Here’s the drumbeat again: If you want to get off the Diet Rollercoaster – and just have NORMAL days,  you’ve got to let go of old, failed, FALSE ideas that low fat/low cal and tons of exercise are the Keys to Weightloss Success, because they’re not. That old dinosaur paradigm screws up your thyroid, insulin, cortisol, and your sex hormones.  Low fat / low cal eats away at your muscle tissue.  Low/fat low/cal really messes with your metabolism – in a very long term way.  Low fat/low cal messes with your mind(emotionally and structurally).  Between 95 and almost 100% of ALL dieters GAIN THEIR WEIGHT BACK.hungry:full:hungry

Change the way you think and just try something new.  Give up the notion that Fat makes you Fat.  Give up the notion that Saturated Fat, from healthy animal sources or coconut, creates plaque in the arteries or high cholesterol, because scientifically – that’s NEVER been proven.  When you see headlines like “Meat causes heart disease/diabetes T2/etc”, go look at the foods included in the study.  You will ALWAYS see pizza(including crust), burgers (including bun), and lunch meats (loaded with who knows what plus nitrates and chemicals) classified as “meat”.

Want to read a little more about it?  Try here, and here.

Fats fill you up.  Fats are used by the body to do hundreds or thousands of jobs, from literally making up the membrane of EVERY SINGLE CELL IN YOUR BODY, to assisting fat-soluble vitamins to their rightful places, to building EVERY SINGLE SEX HORMONE, to feeding your heart (the heart muscle loves fatty acids!), to building brain neurons (the brain is 60% fat), etc etc etc.
When you skimp on fat, your body and mind rebels.  They will get what they want.  Those cravings you can’t deny?  That weird desire to keep eating even though you’ve had plenty of food?  That’s a cry for NOURISHMENT, and fatty acids are INCREDIBLY nourishing.

If you’re afraid of gaining weight on a diet that includes more fat and less carbs, put that fear aside and try it.  Give up the crackers, bread, pasta, pretzels, beer, and sweets, and replace it with more protein, more vegetables and a LOT more fat.  Drizzle olive/avocado oil on your salads, saute meats and vegetables in coconut oil or grass-fed butter (kerrygold’s a good one), eat REGULAR fat/unadulterated dairy products if you digest them well, roast your chicken with the skin ON, add a whole avocado to your salads, make a treat out of coconut butter or nuts.  Go for it.  chicken on bike

And ask yourself, are you really afraid of fat, or are you sad at the thought of giving up the low fat/low cal munchie foods that allow you to indulge in your food desires while convincing yourself you’re eating health food?  Because I think that’s often the reason.   CHANGE YOUR DESIRES.   Sitting in front of the TV after dinner with a bowl of popcorn, potato chips or ice cream?  Change that desire.  Love to stop at your favorite coffee shop for a sweet drink and a sweet treat?  Change your desire.

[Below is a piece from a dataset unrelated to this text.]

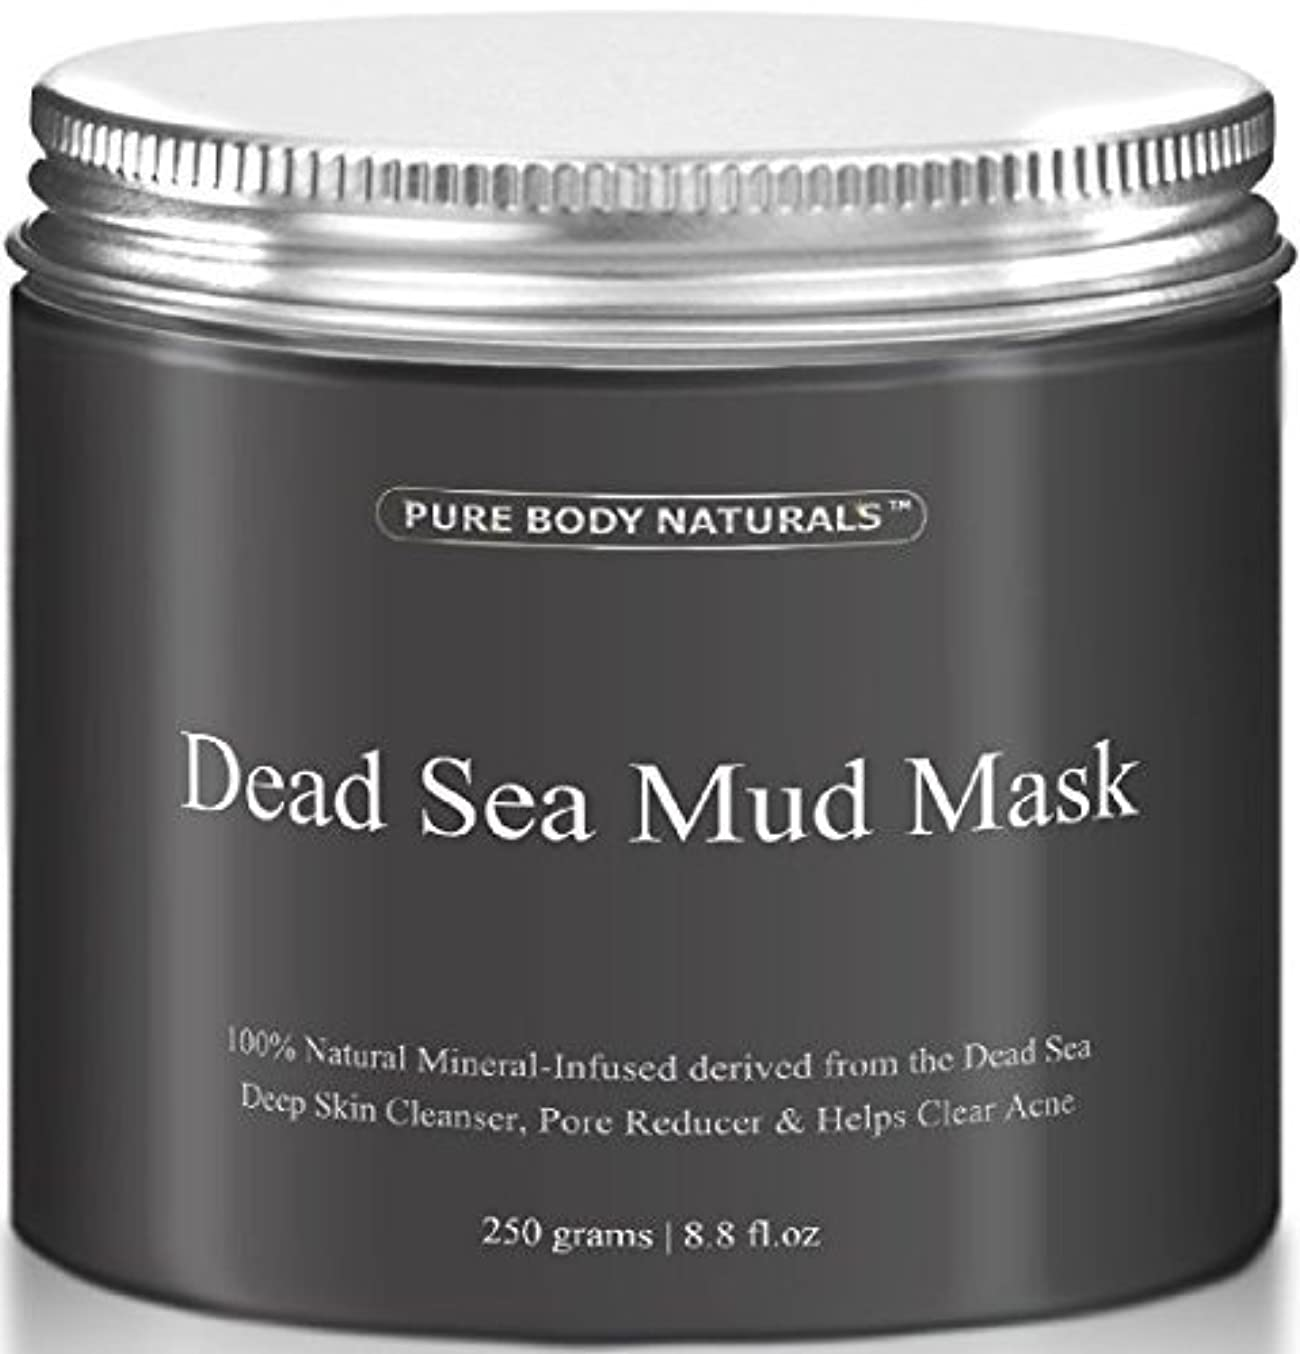 ログレタッチ彼はDead Sea Mud Mask 死海の泥マスク 250g [並行輸入品]

Love your big bowls of pasta?  Change that desire. Think cereal is from heaven?  Change that desire.   Work on creating another line in your brain that focuses on something else.  Maybe you need to watch tv in another room, or go to bed and read;  drive a different way home from work or listen to a podcast to distract you.  Start thinking that all your sauces would taste great on zucchini or eggplant or spaghetti squash.  Become appalled at the amount of carbs on your cereal box label. Work on your thoughts, and satisfy your body with foods that provide that nutrients that it needs.

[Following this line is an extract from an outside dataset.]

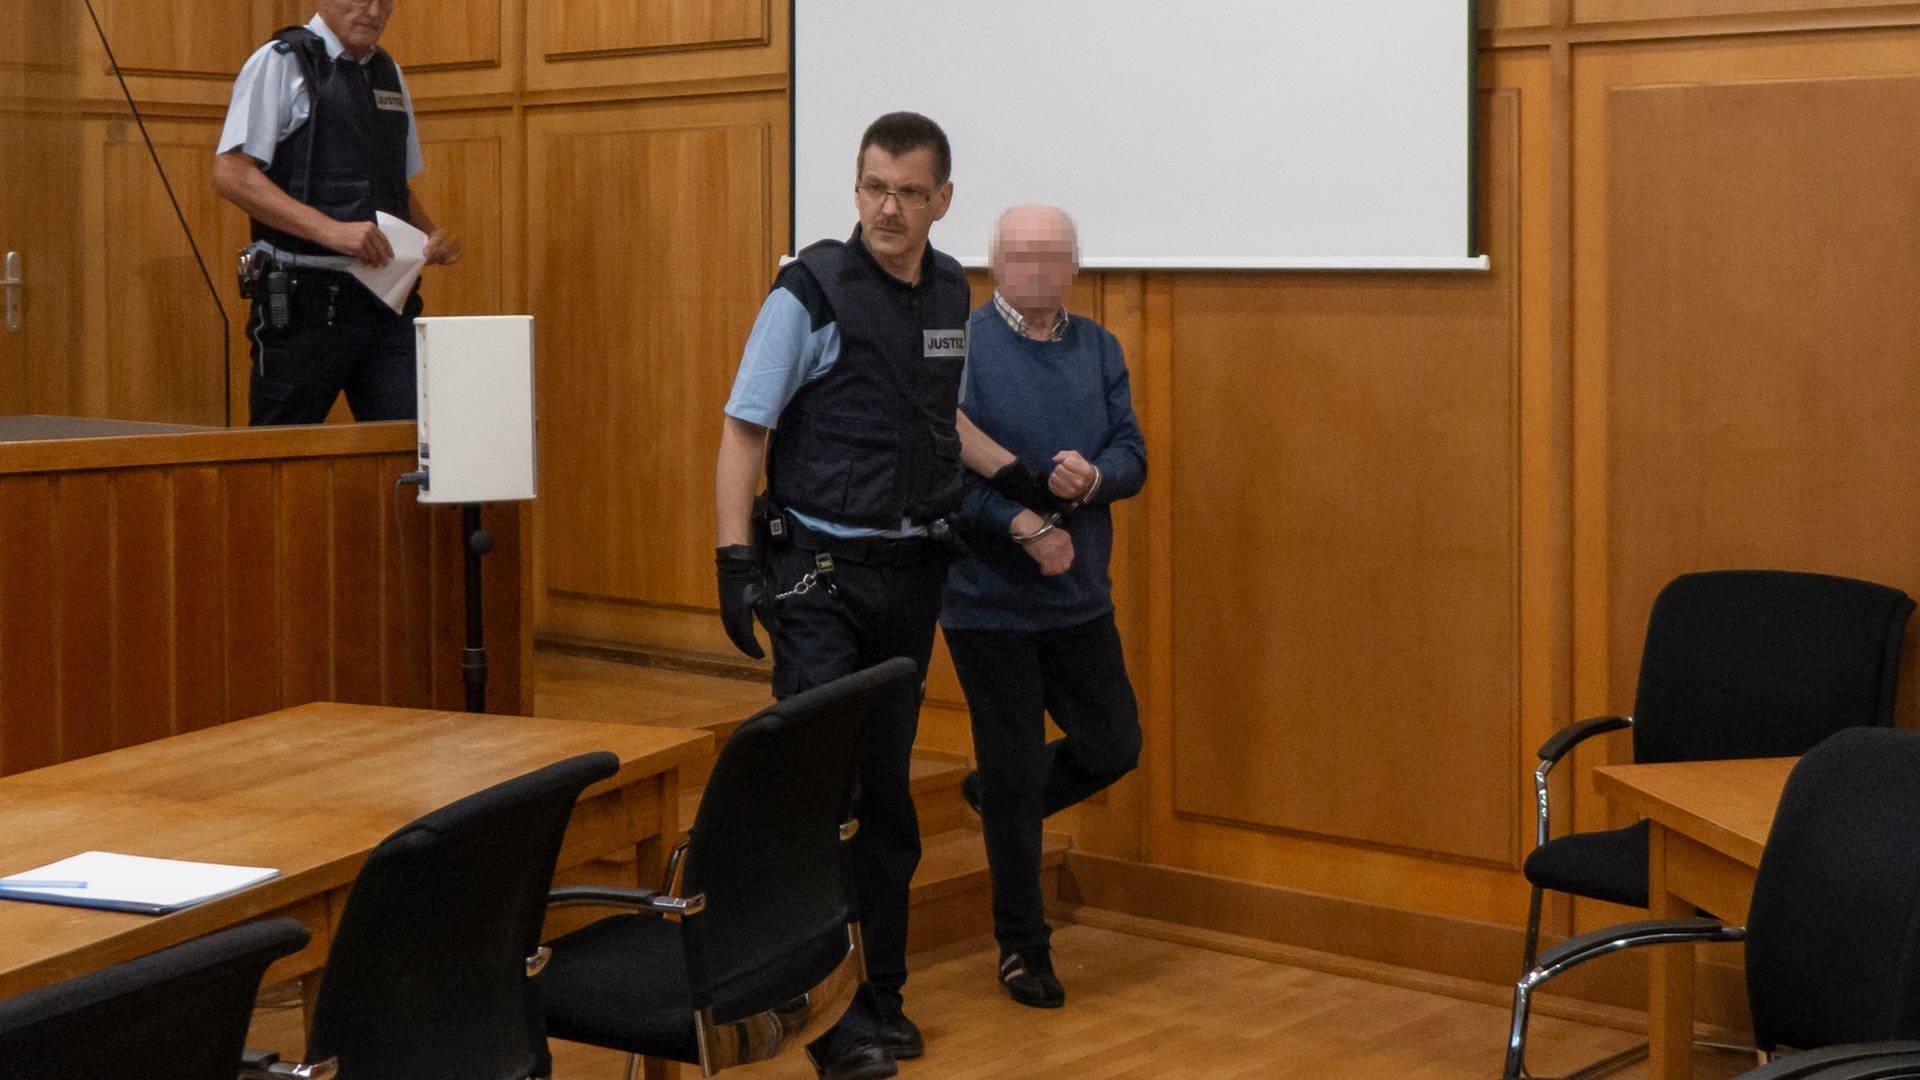 Der 70-jährige Angeklagte wir in die große Strafkammer geführt

Here’s a little ammunition, a Looks Healthy But Isn’t, actually, a few LHBI:  Ruffles Light Potato Chips (which contain Olestra/might cause leakage stuff), 10 chips are 17 grams of carbs/0 fat;  Quaker Oats Natural Granola, 1/2 cup has 38 grams of carbs;  and a slice of Starbucks Reduced Fat Berry Coffee cake has 54 grams of carbohydrate!!   These are weight disasters waiting to happen, and Health disasters waiting to happen.

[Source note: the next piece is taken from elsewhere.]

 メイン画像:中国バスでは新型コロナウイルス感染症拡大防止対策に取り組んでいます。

Let’s go back to the beginning.  Want your life to be a string of “good eating days”? Ditch the empty refined, processed carby foods, and any thoughts of “mini meals”, and fill your plate and body with Real Whole Foods:  good fats, good proteins, tons of vegetables, some fruits, some nuts and seeds, some dairy.  Feed your body what it needs and the self-sabotage will end.